Elpido Valdes is the cartoon character of a ‘Mambi’ war of independence fighter, created 50 years ago by graphic artist Juan Padron, who died earlier this year.

Omara Portuondo, the ‘filin’ singer, star of Buena Vista Social Club, and so much more, has also been nominated for another Latin Grammy this year.

Artist Alfredo Sosabravo, who won the national visual arts award in 1997, is 90 this October and has a retrospective exhibition at the national arts museum in Havana.

How did 20 October became National Day of Culture?

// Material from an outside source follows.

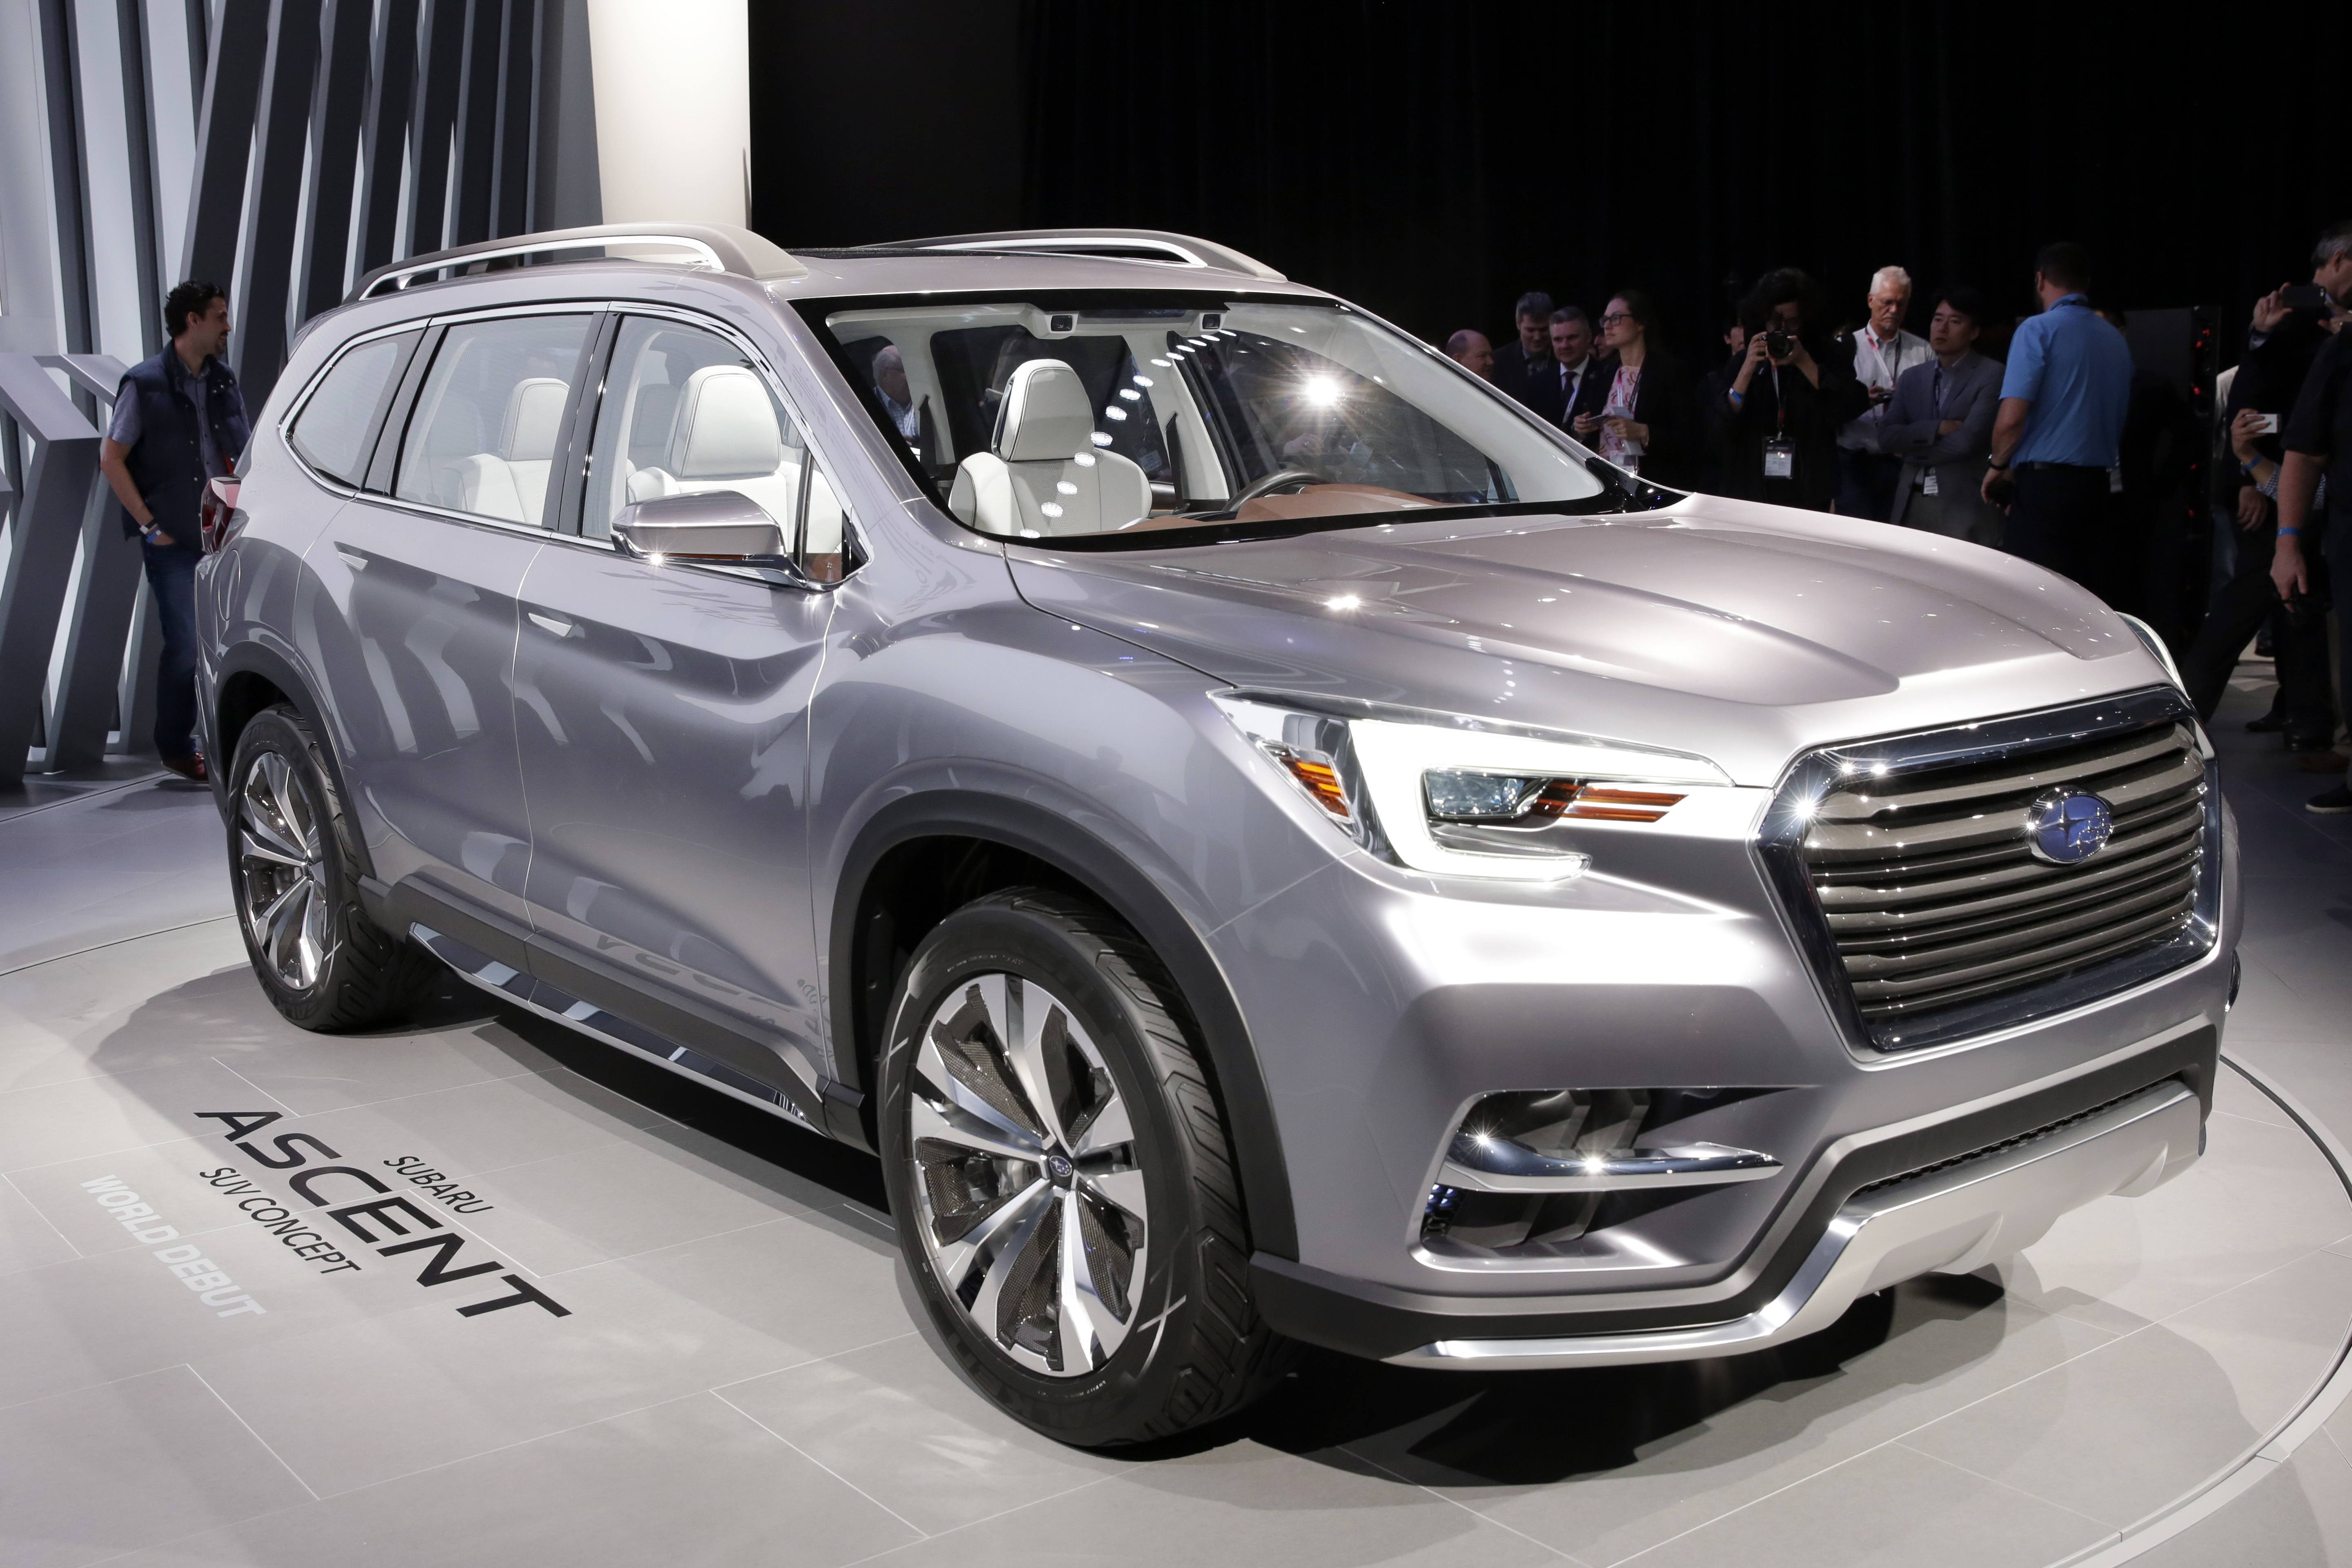 The Subaru Ascent concept car is shown during a media preview at the New Yo...
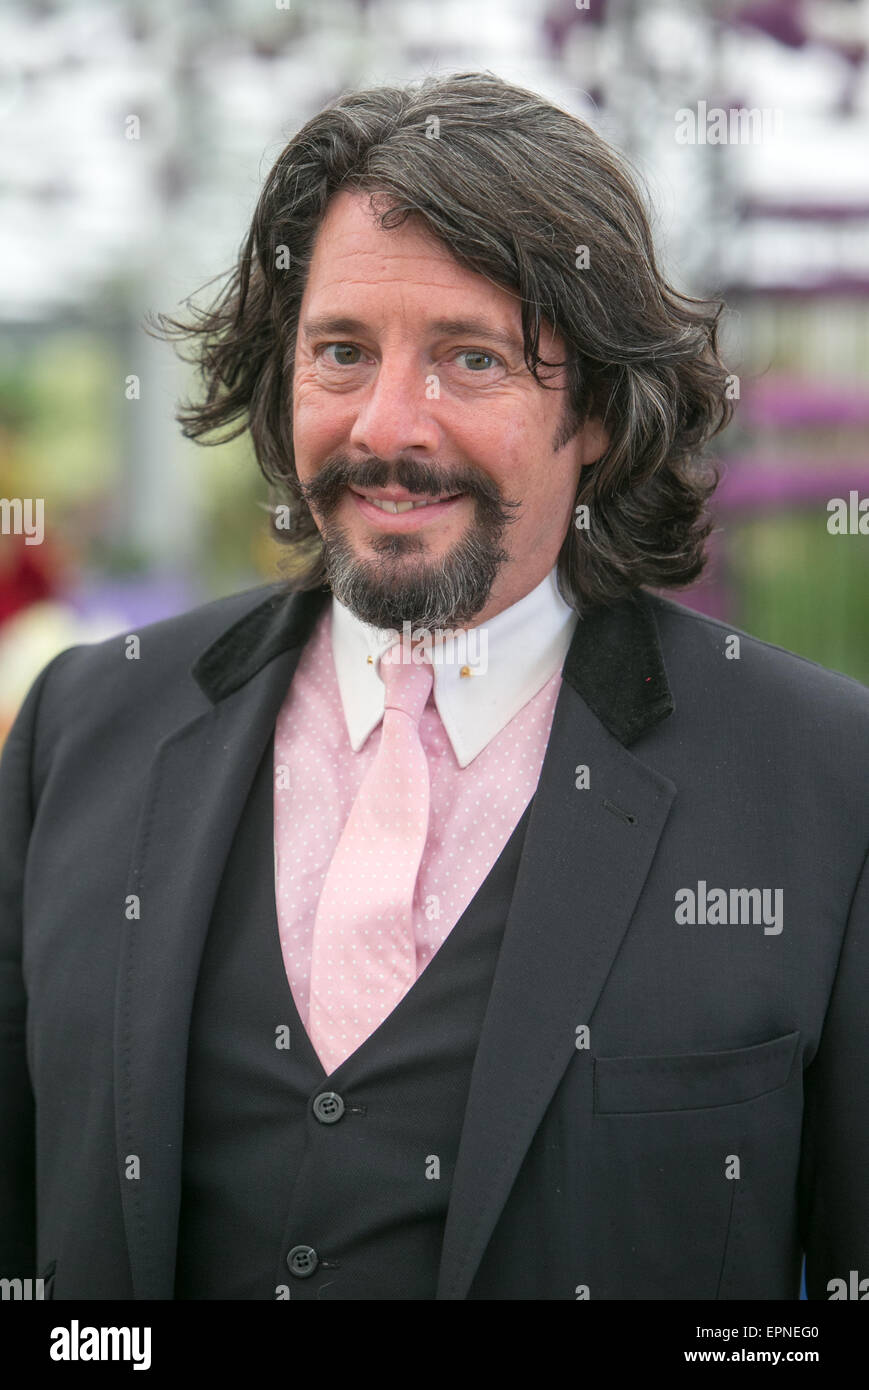 LAURENCE LLEWELYN BOWEN at the RHS Chelsea flower show 2015 Stock Photo

The armed struggle for Cuban independence (from Spain), is said to have begun on October 10, 1868, when the bell at the La Demajagua sugar factory in Manzanillo (eastern Cuba) was rung to call the enslaved workers together to fight for the freedom of Cuba. There, owner Carlos Manuel de Céspedes (1819-1874) announced he was freeing his own slaves and demanding independence for the island and abolition of slavery. Creole landowners, peasants, enslaved people, black artisans, and free black people added their support to this declaration of war against colonialism.

The famous bell at the La Demajagua sugar mill, Manzanillo, eastern Cuba

Citizens, up to this time you have been my slaves. From now on, you are as free as I am. Cuba needs all its children to achieve independence! Those who want to follow me, follow me; those who want to stay stay, all will remain as free as others.

Carlos Manuel de Céspedes. 10/10/1868

The ruins of La Demajagua sugar factory now form part of the the UNESCO project co-founded in 1994 by Cuba ‘The Slave Route: Resistance, freedom, and patrimony‘ and organized in Cuba by the National Council of Cultural Heritage.

Cuba stopped officially participating in the slave trade in 1867 (having brought in more than half a milllion enslaved people from Africa that century alone) but the institution of slavery was still not abolished on the island until 1886. In Cuba for most of the 19th century the European-descended elite did not form an anti-colonial movement. They worried that such action would encourage the slaves to form their own revolution and disrupt their dependence on slave labour at the plantations. Cuba did not gain independence from Spain until 1898.

Ten days after this call to fight for independence (20 October), the Mambises troops under the command of Céspedes liberated the city of Bayamo. In the midst of this, La Bayamesa (which later became the Cuban National Anthem) was, according to legend, sung for the first time on the cobblestones of the former Plaza de la Iglesia Mayor San Salvador de Bayamo — today known as Hymn Square in honour of the historical moment.

Pedro ‘Perucho’ Figueredo formally composed the music and lyrics for the song some time later. As the story goes, in August 1870 Figueredo was shot dead by Spanish troops, but with his head up, still singing ‘La Bayamesa’. The manuscript of his handwritten song is still preserved. The song became an anthem for freedom and rebellion.

October 10, 1868 is portrayed in history as the dawn of freedom, and October 20 of the same year has been established as the day of Cuban National Culture.